The best advice anyone has ever given me with respect to photography and dealing with law enforcement is "Don't be a dick". 

Heeding that advice has served me well...


----------



## tirediron (Jun 23, 2013)

Steve5D said:


> ...The best advice anyone has ever given me with respect to photography and dealing with law enforcement is "Don't be a dick".
> 
> Heeding that advice has served me well...


Wise words; a pity that the other way 'round isn't considered just as important.


----------



## cgipson1 (Jun 23, 2013)

One problem is that there are enough jerks out there that trespass, ignore "No Photography" signs, get into people's faces and personal space, don't bother getting easily obtainable permits,  and refuse to stop shooting when asked to stop shooting... that more and more privileges to shoot in public are getting taken away. All for that "Awesome" shot... which usually is marginal anyway.

We have all seen it.. and it is getting worse! Want to change it?  Then be the "Change"... and let those Jerks know it is not a good idea, however you have to do it.


----------



## rexbobcat (Jun 23, 2013)

There was one guy at last year's county fair that got arrested for using his phone to video other men (and boys) urinating in the public restroom on the fair grounds.

Not like this has anything to do with anything. It just popped I to my head when I read the thread title. Lol


----------



## cgipson1 (Jun 23, 2013)

rexbobcat said:


> There was one guy at last years's county fair that got arrested for using his phone to video other men urinating in the public restroom on the fair grounds.



Sounds like a perv! "Off with his head!"


----------



## ShooterJ (Jun 24, 2013)

I agree that there are cops who push things too far... and I also agree that there are photographers who don't know when to walk the other way. Neither one helps with the situation. I'm in the odd position of being both a cop and a photography lover. LOL

That being said, as much as I love and respect the art, if a photographer gets in my way, violates no trespassing signs, fails to respect privacy when asked to or otherwise doesn't use common sense when taking his/her photographs.. then the cop in me says "get rid of the douche".. Now if it's harmless, then ok. I have no issues with it whatsoever.... having been at both ends of this spectrum, when I'M out taking photos, I show due respect where I need to... I don't infringe upon peoples privacy, I don't get in their personal space, I don't trespass for a photo and I don't get in the way of police officers doing their jobs.

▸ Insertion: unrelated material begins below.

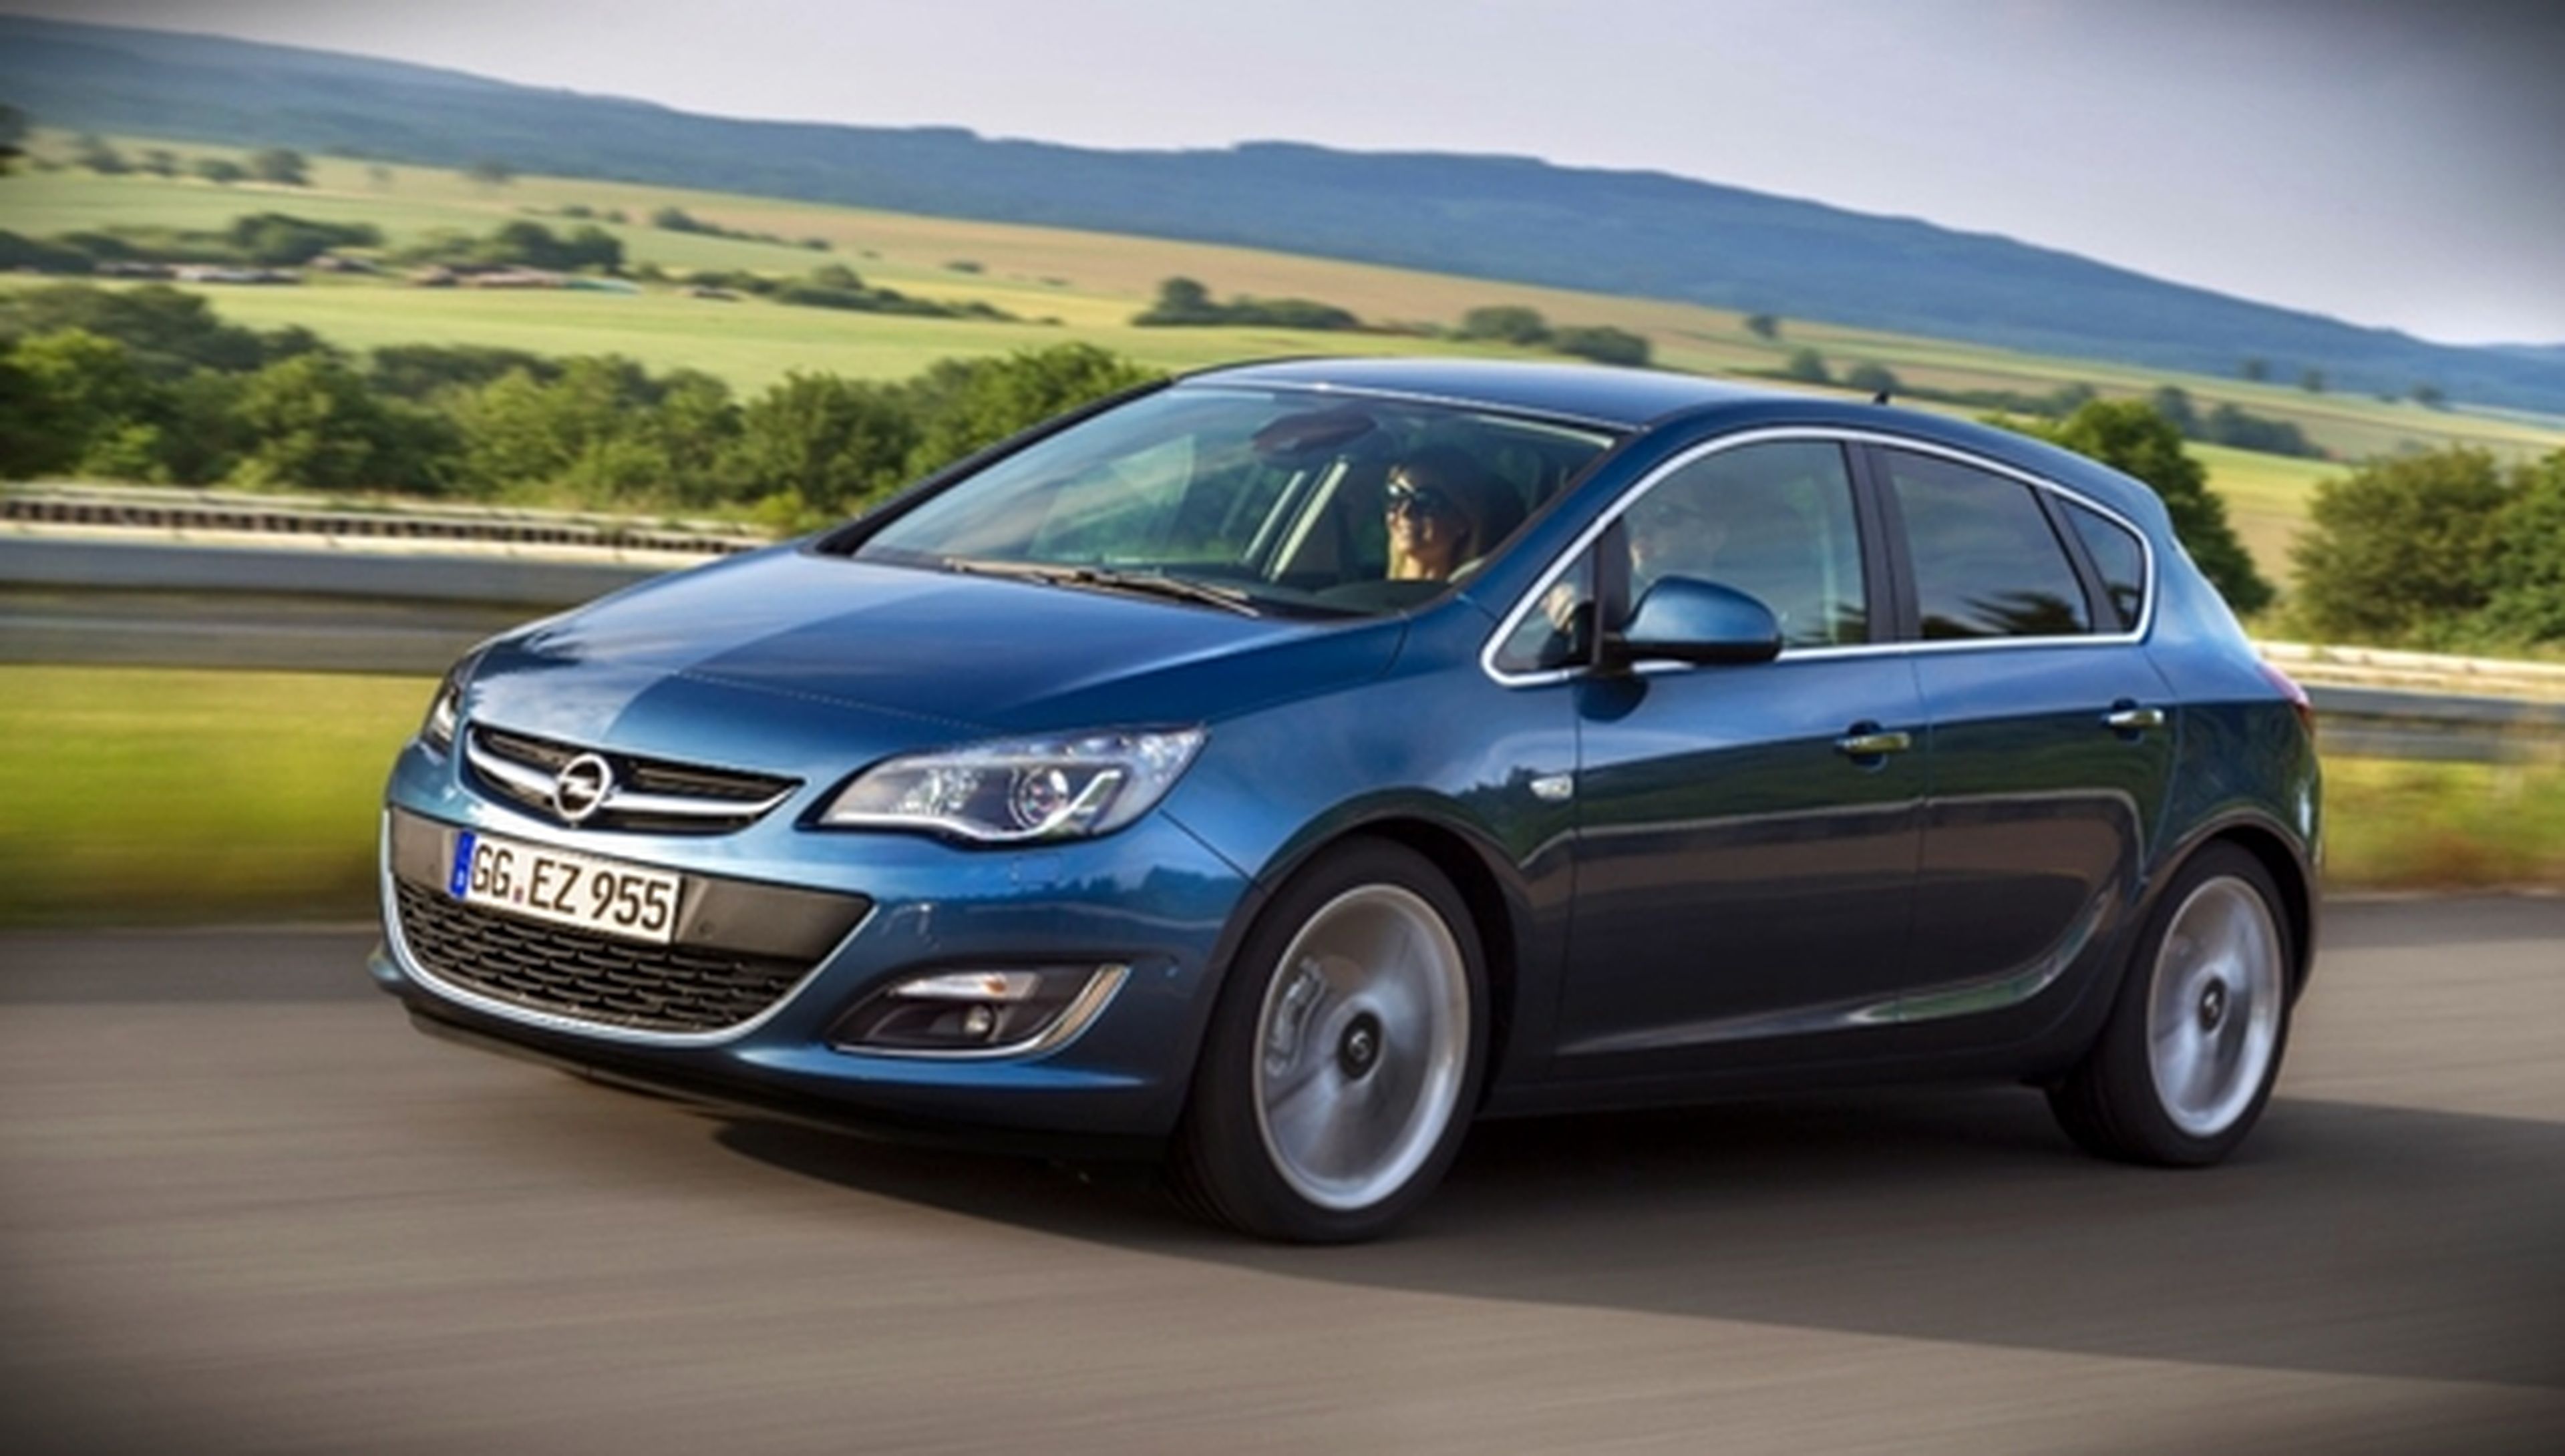 El nuevo Opel Astra 1.6 CDTI consumirá solo 3,7 l/100 km

This seems an easy enough practice to follow.

EDIT: I will add, from the perspective of a cop.. that the law is complex.  In regards to the slip of paper about photographers rights, that's all well and good.  But those are guidelines, and any photographer should be aware that in some cases, you might actually be interfering or breaking a law.  So my advice is to actually KNOW your local laws and what the city/state/county says you can and cannot do, rather than relying on a piece of paper with general guidelines (which is not a legal document and will not help you in court against a judge or attorney who DOES know which way the law bends)


----------



## cgipson1 (Jun 24, 2013)

ShooterJ said:


> I agree that there are cops who push things too far... and I also agree that there are photographers who don't know when to walk the other way.  Neither one helps with the situation.  I'm in the odd position of being both a cop and a photography lover.  LOL
> 
> That being said, as much as I love and respect the art, if a photographer gets in my way, violates no trespassing signs, fails to respect privacy when asked to or otherwise doesn't use common sense when taking his/her photographs.. then the cop in me says "get rid of the douche"..  Now if it's harmless, then ok.  I have no issues with it whatsoever.... having been at both ends of this spectrum, when I'M out taking photos, I show due respect where I need to... I don't infringe upon peoples privacy, I don't get in their personal space, I don't trespass for a photo and I don't get in the way of police officers doing their jobs.
> 
> This seems an easy enough practice to follow.



Well said!


----------



## Red1SebR (Jun 24, 2013)

it all comes down to common decency


----------



## amolitor (Jun 24, 2013)

Cops really get a bad rap.

They're people, it turns out. And there's a lot of them. Some of them are boobs and idiots, a lot like, well, people. I've had a lot of, um, uncomfortable conversations with cops. Lots of people seem to think that police aren't allowed to have a conversation without probable cause or something, which is a little weird. It turns out that if you're polite and reasonable and act like a human being, pretty much all of the time the officer will too.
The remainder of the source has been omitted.